_EXERCISE BRIEF_
Would you please copy the part of the material below that opens with the line containing "Martin Balu Bandero T10" and closes with the line containing "[exo][分享]191102 exo历年logo大赏,契合歌曲主题的"? Copy it exactly, and only it.

_DATA SHOWN_
▼
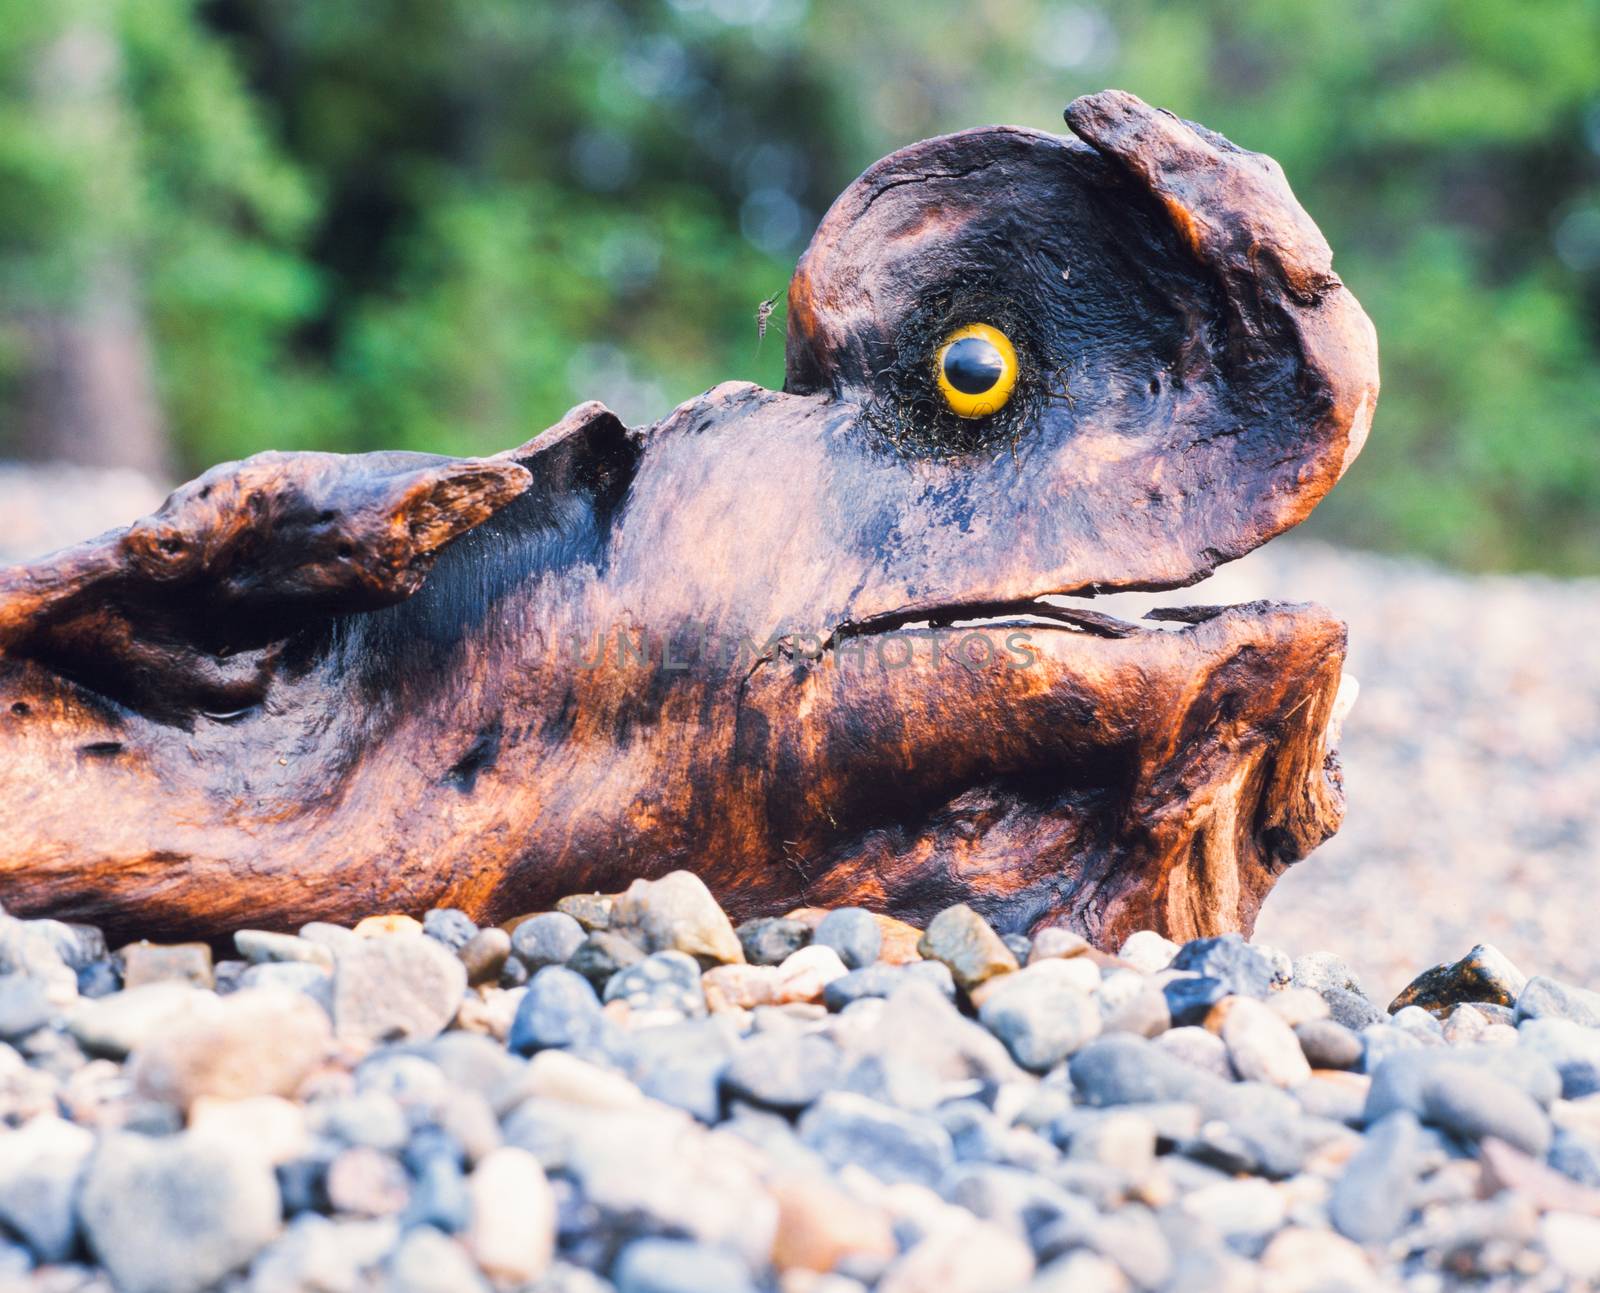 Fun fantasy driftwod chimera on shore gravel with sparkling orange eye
▲
▼
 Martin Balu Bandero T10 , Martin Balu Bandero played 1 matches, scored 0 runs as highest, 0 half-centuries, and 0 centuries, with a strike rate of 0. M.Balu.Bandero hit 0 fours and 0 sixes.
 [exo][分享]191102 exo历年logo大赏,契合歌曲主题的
▲
▼
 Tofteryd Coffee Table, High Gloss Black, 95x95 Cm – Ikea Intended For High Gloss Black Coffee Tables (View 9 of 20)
▲
_RESPONSE_
 Martin Balu Bandero T10 , Martin Balu Bandero played 1 matches, scored 0 runs as highest, 0 half-centuries, and 0 centuries, with a strike rate of 0. M.Balu.Bandero hit 0 fours and 0 sixes.
 [exo][分享]191102 exo历年logo大赏,契合歌曲主题的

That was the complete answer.